Edited January 18, 2013 by brown2005

[BagoZonde]

It's because you don't print your record. In html variable you receive response from executed PHP script and your code appending it to ol#update. So let's try to add something like print 'Hello world!'; in commentajax.php then you will see what I'm talking about . Entry should be printed there.

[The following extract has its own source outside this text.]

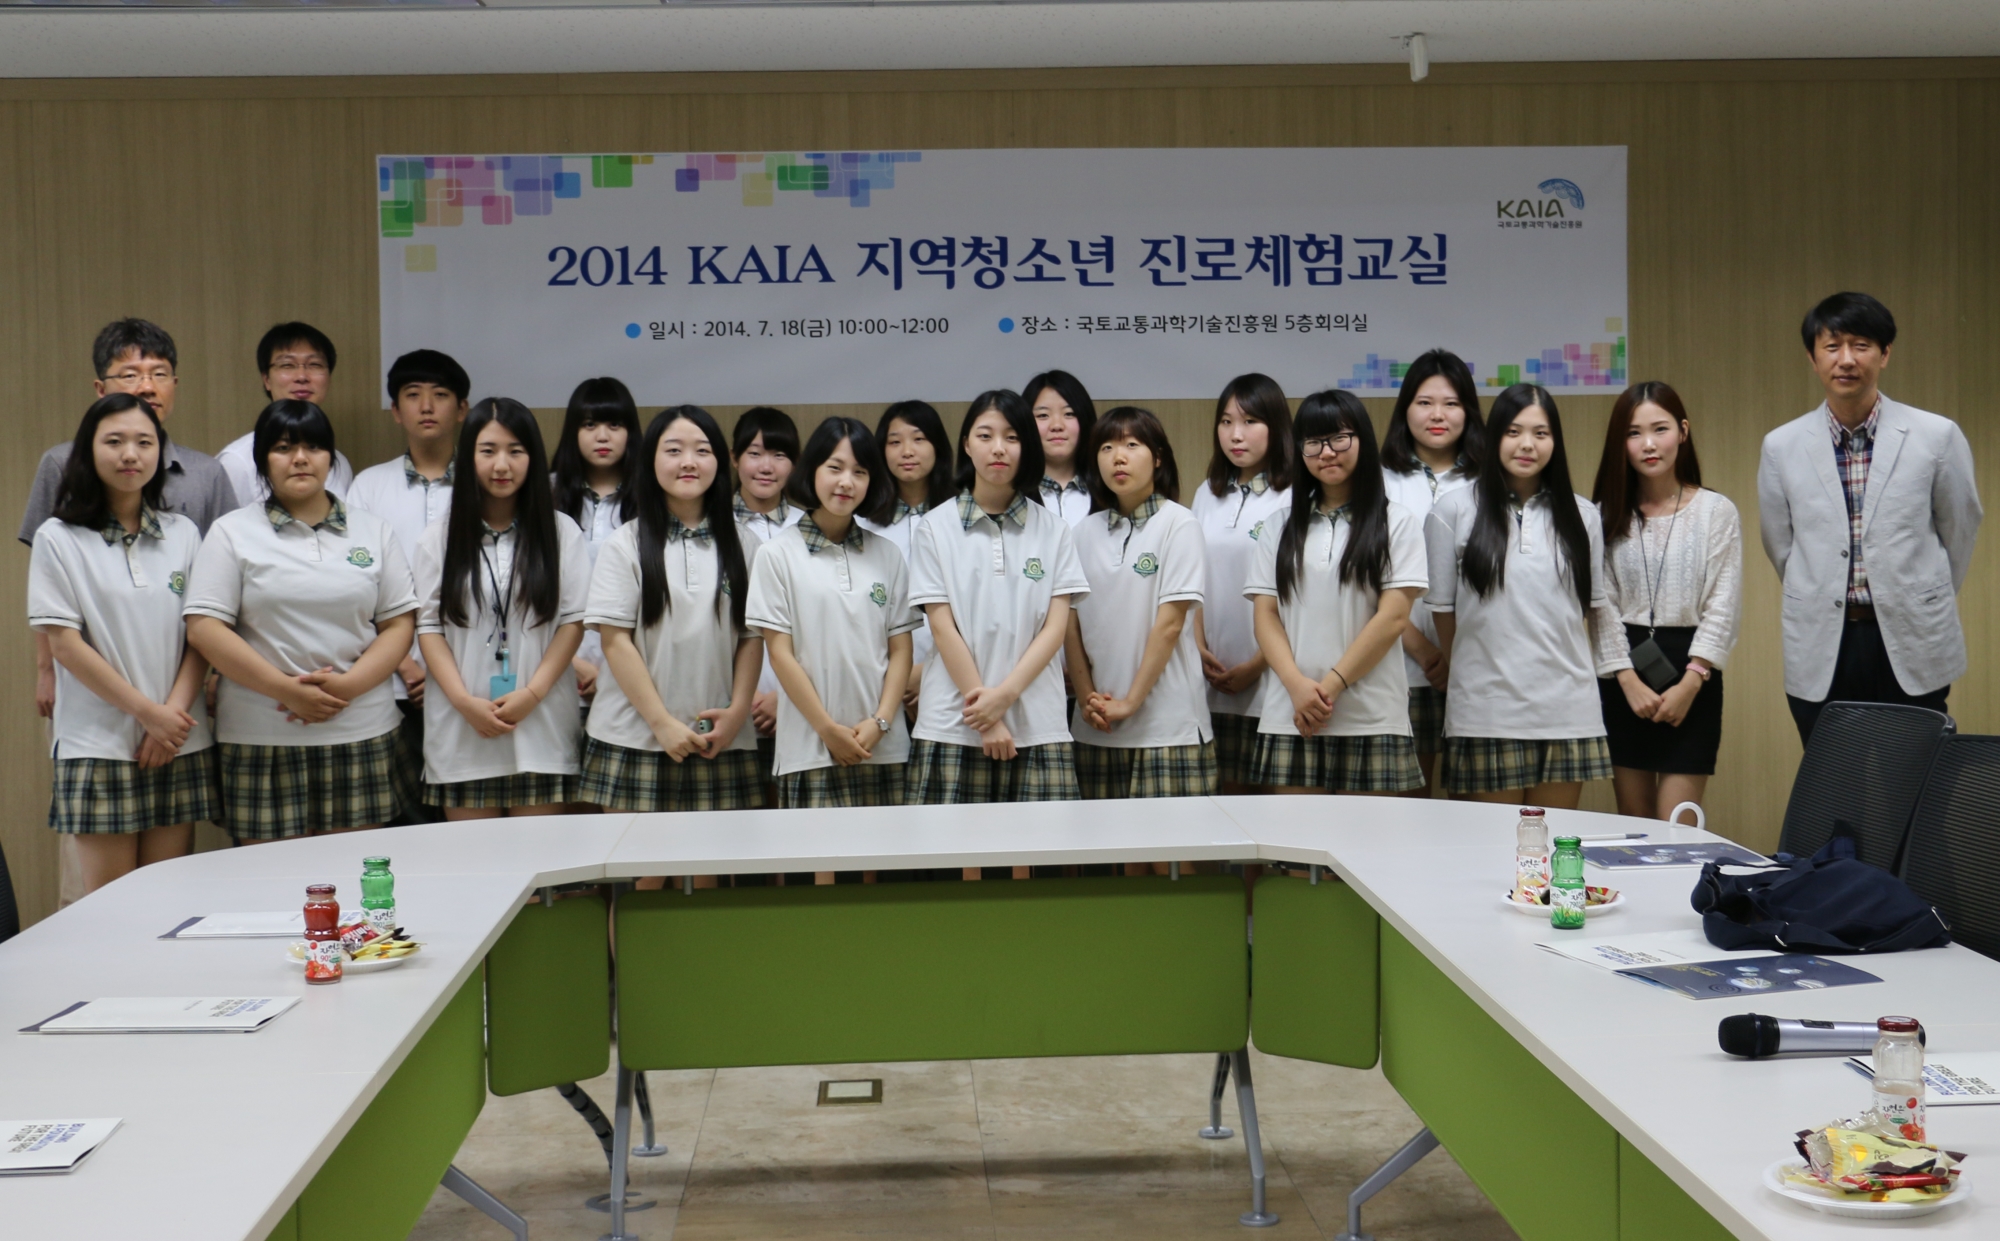 2014 KAIA 지역청소년 진로체험교실

Edited January 18, 2013 by BagoZonde

[brown2005]

It's because you don't print your record. In html variable you receive response from executed PHP script and your code appending it to ol#update. So let's try to add something like print 'Hello world!'; in commentajax.php then you will see what I'm talking about . Entry should be printed there.

 

ok that prints Hello world, but what I want to do is show all the results from the database within the ol tag

 

 

<ol id="update" class="timeline">';

$comments_sql = mysql_query("SELECT *
FROM domains_comments
WHERE domains_comments_selmgec='$selmgec'
AND domains_comments_domain='$domains_id'
ORDER BY domains_comments_date DESC
LIMIT 10");

while($comments_row = mysql_fetch_array($comments_sql)){

echo'<li>'.$comments_row[domains_comments_member].'<br />'.$comments_row[domains_comments_date].'<br />'.$comments_row[domains_comments_comment].'</li>';

}

echo' </ol>

 

so how would I refresh this, without actually pressing refresh?

Edited January 18, 2013 by brown2005

[BagoZonde]

It's hard to work without real code as I'm not understanding what do you want, and I'm not sure what inside your commentajax.php at all? If you want to add some line to ol#update, just print parsed values from $_POST which going to database too. And if you want to change all stuff in ol#update, just change jQuery part:

 

$("ol#update").append(html);

 

to:

 

$("ol#update").html(html);

Edited January 18, 2013 by BagoZonde